Based on the algorithm described above, the action would start at the last stage and walk the hierarchy until it reached the root stage, which has an image name of mcr.microsoft.com/dotnet/sdk:latest
.
That's what would be used as the base image name. However, that's not what we want since the actually shipping app image is based on mcr.microsoft.com/dotnet/runtime:latest
.
# Build image
FROM mcr.microsoft.com/dotnet/sdk:latest AS build
<content>
# App image
FROM mcr.microsoft.com/dotnet/runtime:latest AS app
COPY --from=build /app /app
# Test image
FROM build AS test
<content>
To configure the action to use mcr.microsoft.com/dotnet/runtime:latest
as the base image name, the base-stage-name
input is set to app
.
- uses: mthalman/docker-bump-action@v0
with:
target-image-name: ghcr.io/mthalman/docker-bump-action-example:latest
base-stage-name: app
Indicating the base stage name rather than the base image name can be more convenient because it allows the image name in the Dockerfile to be updated without needing to also change the workflow file.
See a working example of this workflow scenario in the docker-bump-action-example repo.
In this example, the base image name used in the Dockerfile is dynamic so the action can't use the Dockerfile as input.
ARG BASE_IMAGE
FROM $BASE_IMAGE
<rest of content>
Instead, the desired base image name is explicitly provided as input.
Here, the base image name is explicitly set to alpine:latest
.
- uses: mthalman/docker-bump-action@v0
with:
target-image-name: ghcr.io/mthalman/docker-bump-action-example:latest
base-image-name: alpine:latest
See a working example of this workflow scenario in the docker-bump-action-example repo.
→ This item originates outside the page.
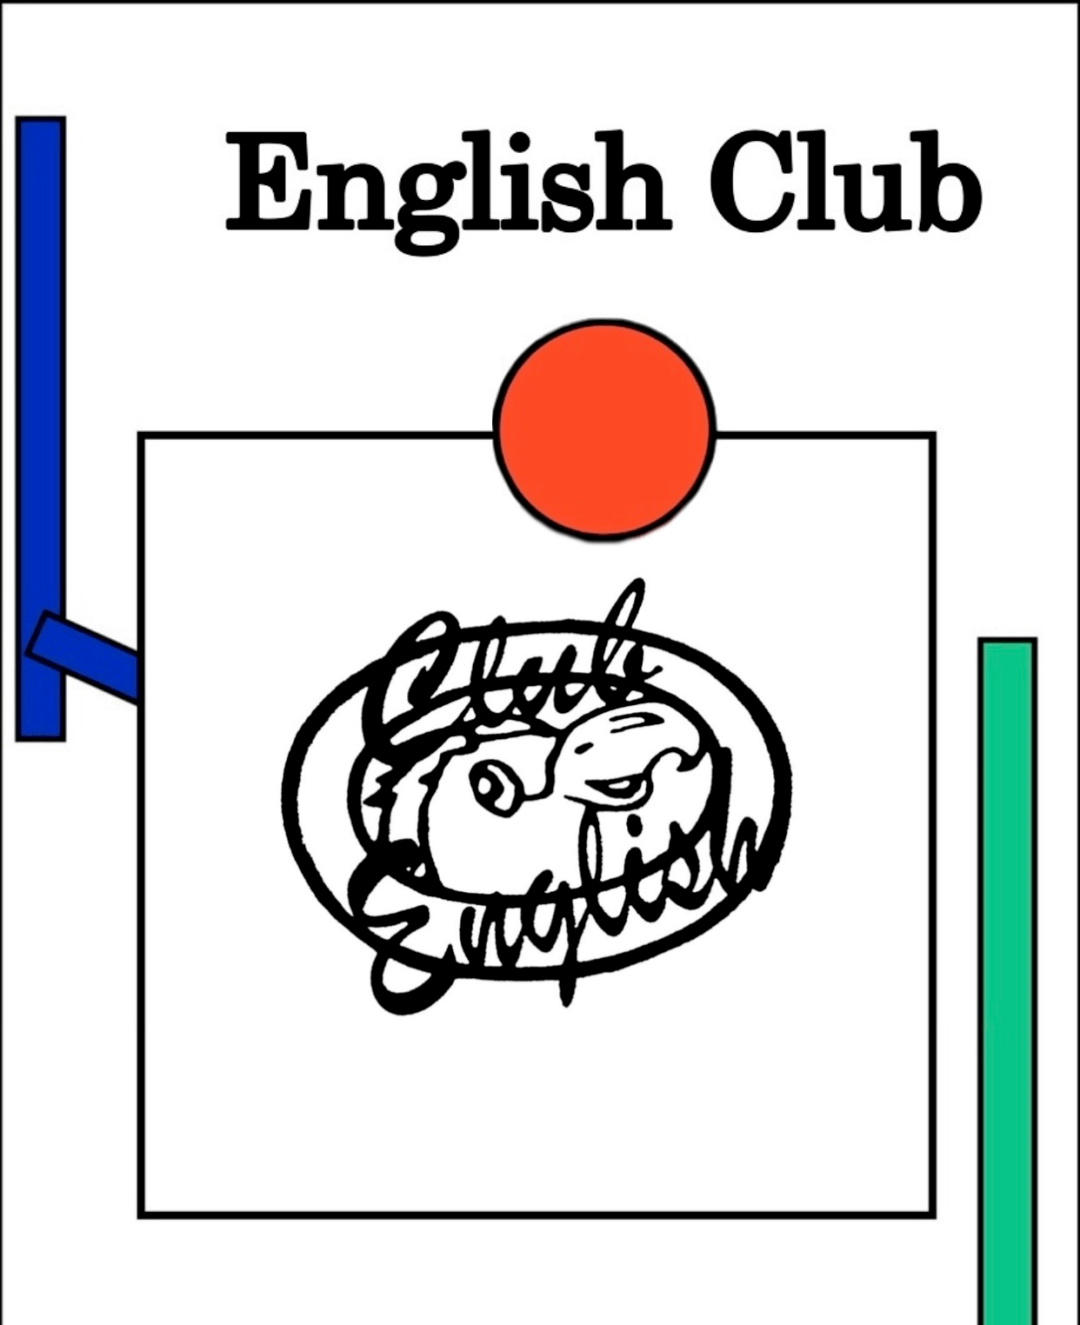 广东食品药品职业学院英语俱乐部成立于1997年,隶属于学校社团联合会

Resource not accessible by integration
This error occurs when using the GITHUB_TOKEN
token (the default token value) and not having write permissions for the repo. Go to your GitHub repo's Settings page at https://github.com/<owner>/<repo>/settings/actions
and ensure that Read and write permissions
is set for Workflow permissions.
Repository not found, OR token has insufficient permissions.
This error occurs when the personal access token (PAT) is not configured with appropriate permissions. See Token for configuration details.